2018-11-02 14:26:56,174 : INFO : EPOCH - 9 : training on 520241 raw words (382976 effective words) took 0.4s, 1025205 effective words/s
2018-11-02 14:26:56,503 : INFO : worker thread finished; awaiting finish of 9 more threads
2018-11-02 14:26:56,505 : INFO : worker thread finished; awaiting finish of 8 more threads
2018-11-02 14:26:56,506 : INFO : worker thread finished; awaiting finish of 7 more threads
2018-11-02 14:26:56,522 : INFO : worker thread finished; awaiting finish of 6 more threads
2018-11-02 14:26:56,523 : INFO : worker thread finished; awaiting finish of 5 more threads
2018-11-02 14:26:56,531 : INFO : worker thread finished; awaiting finish of 4 more threads
2018-11-02 14:26:56,539 : INFO : worker thread finished; awaiting finish of 3 more threads
2018-11-02 14:26:56,543 : INFO : worker thread finished; awaiting finish of 2 more threads
2018-11-02 14:26:56,546 : INFO : worker thread finished; awaiting finish of 1 more threads
2018-11-02 14:26:56,550 : INFO : worker threa

[('amygdalar', 0.6904447078704834),
 ('amygdaloid', 0.6506998538970947),
 ('dorsal', 0.5091315507888794),
 ('septum', 0.4866825044155121),
 ('ventral', 0.45731252431869507),
 ('bla', 0.45720943808555603),
 ('geniculate', 0.4503151476383209),
 ('habenular', 0.44185322523117065),
 ('accumbens', 0.4305647313594818),
 ('amygdale', 0.4303969144821167)]

## Now, let's look at some output 
This first example shows a simple case of looking up words similar to the word `amygdala`. All we need to do here is to call the `most_similar` function and provide the word `amygdala` as the positive example.

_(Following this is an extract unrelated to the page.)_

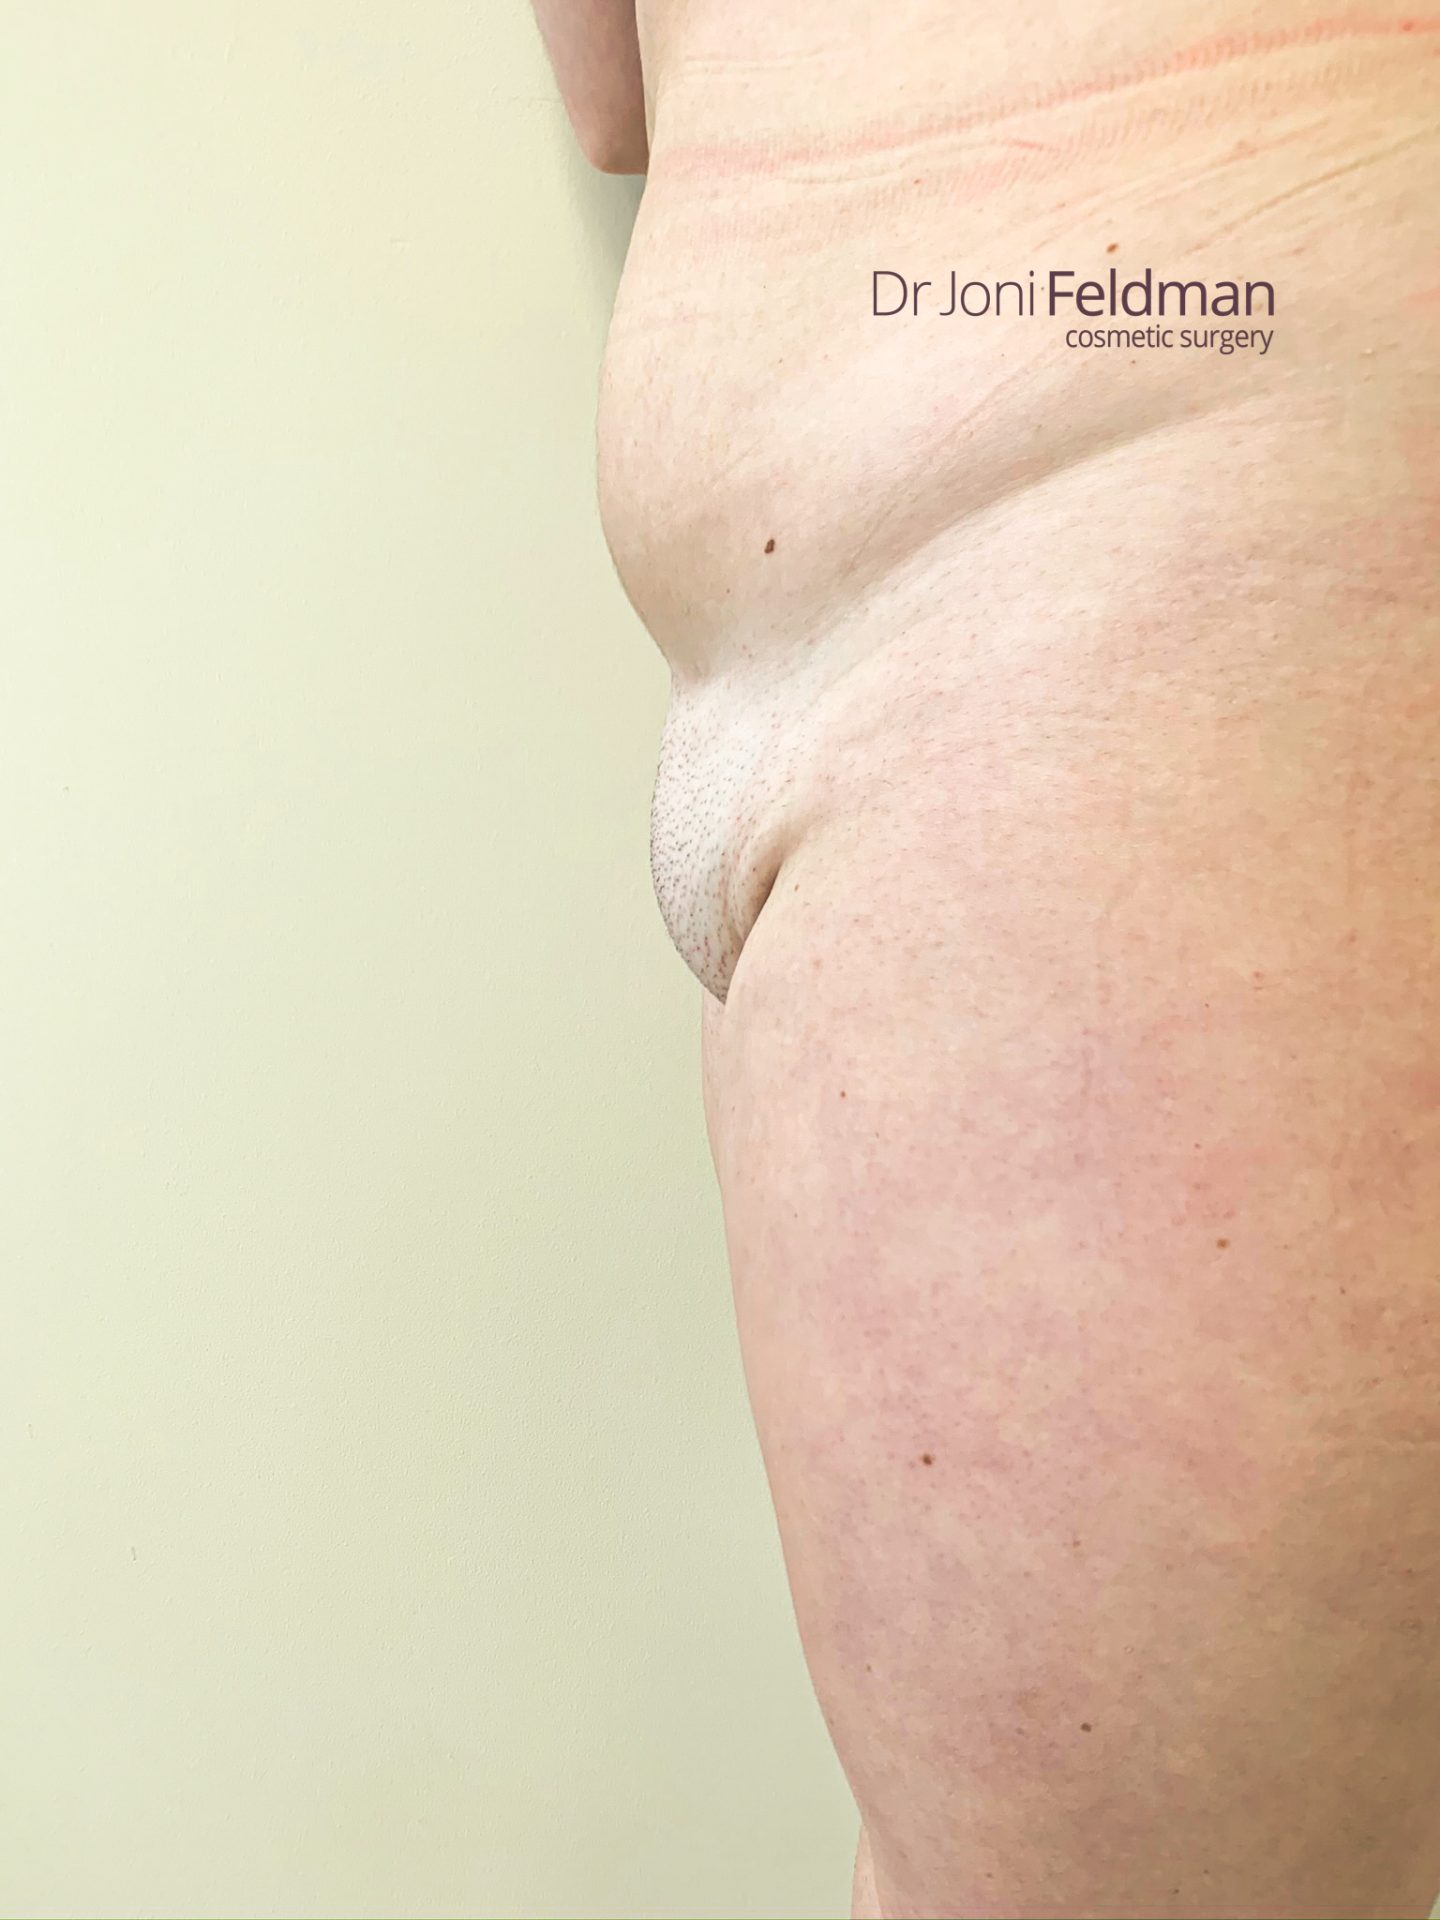 FUPA Mons pubis Liposuction - BEFORE -Dr Joni Feldman in Melbourne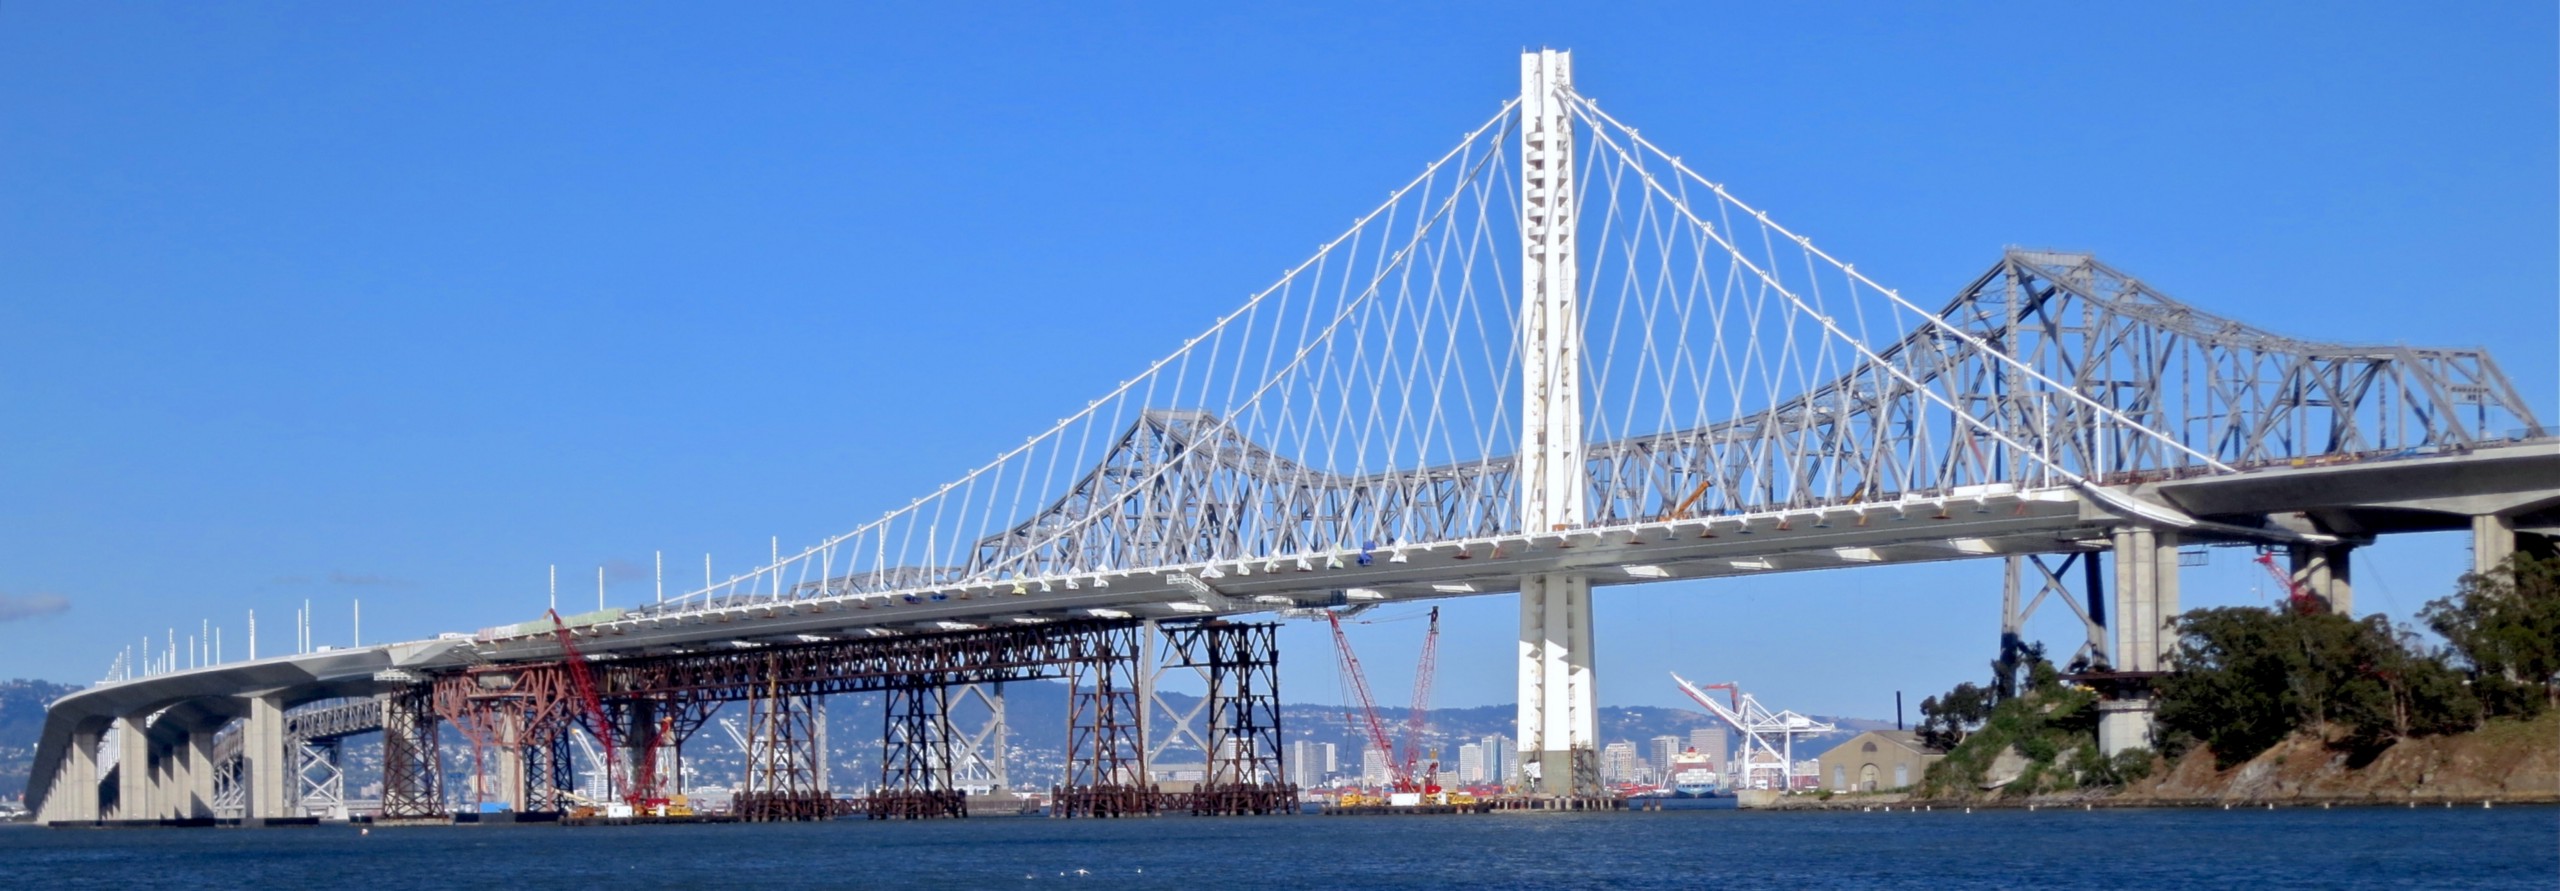 The new Oakland Bay Bridge

This returns the top 10 similar words. 

In [30]:

w1 = "amygdala"
model.wv.most_similar (positive=w1)


[('amygdalar', 0.6844335794448853),
 ('amygdaloid', 0.6229093074798584),
 ('ventral', 0.5053435564041138),
 ('septum', 0.4974673390388489),
 ('bla', 0.4948784112930298),
 ('geniculate', 0.48149192333221436),
 ('dorsal', 0.480157732963562),
 ('amygdale', 0.4364165663719177),
 ('prelimbic', 0.4177556037902832),
 ('habenula', 0.4051814079284668)]

In [42]:
# similarity between two different words
model.wv.similarity(w1="amygdala",w2="amygdaloid")

0.65069985

In [36]:
# similarity between two unrelated words
model.wv.similarity(w1="amygdala",w2="brain")

0.10858928

### Find the odd one out
You can even use Word2Vec to find odd items given a list of items.

In [43]:
# Which one is the odd one out in this list?
model.wv.doesnt_match(["male","female","animal"])

'animal'

## Understanding some of the parameters
To train the model earlier, we had to set some parameters. Now, let's try to understand what some of them mean. For reference, this is the command that we used to train the model.

```
model = gensim.models.Word2Vec (documents, size=150, window=10, min_count=2, workers=10)
```

### `size`
The size of the dense vector to represent each token or word. If you have very limited data, then size should be a much smaller value. If you have lots of data, its good to experiment with various sizes. A value of 100-150 has worked well for me. 

### `window`
The maximum distance between the target word and its neighboring word. If your neighbor's position is greater than the maximum window width to the left and the right, then, some neighbors are not considered as being related to the target word. In theory, a smaller window should give you terms that are more related. If you have lots of data, then the window size should not matter too much, as long as its a decent sized window. 

### `min_count`
Minimium frequency count of words. The model would ignore words that do not statisfy the `min_count`. Extremely infrequent words are usually unimportant, so its best to get rid of those. Unless your dataset is really tiny, this does not really affect the model.

### `workers`
How many threads to use behind the scenes?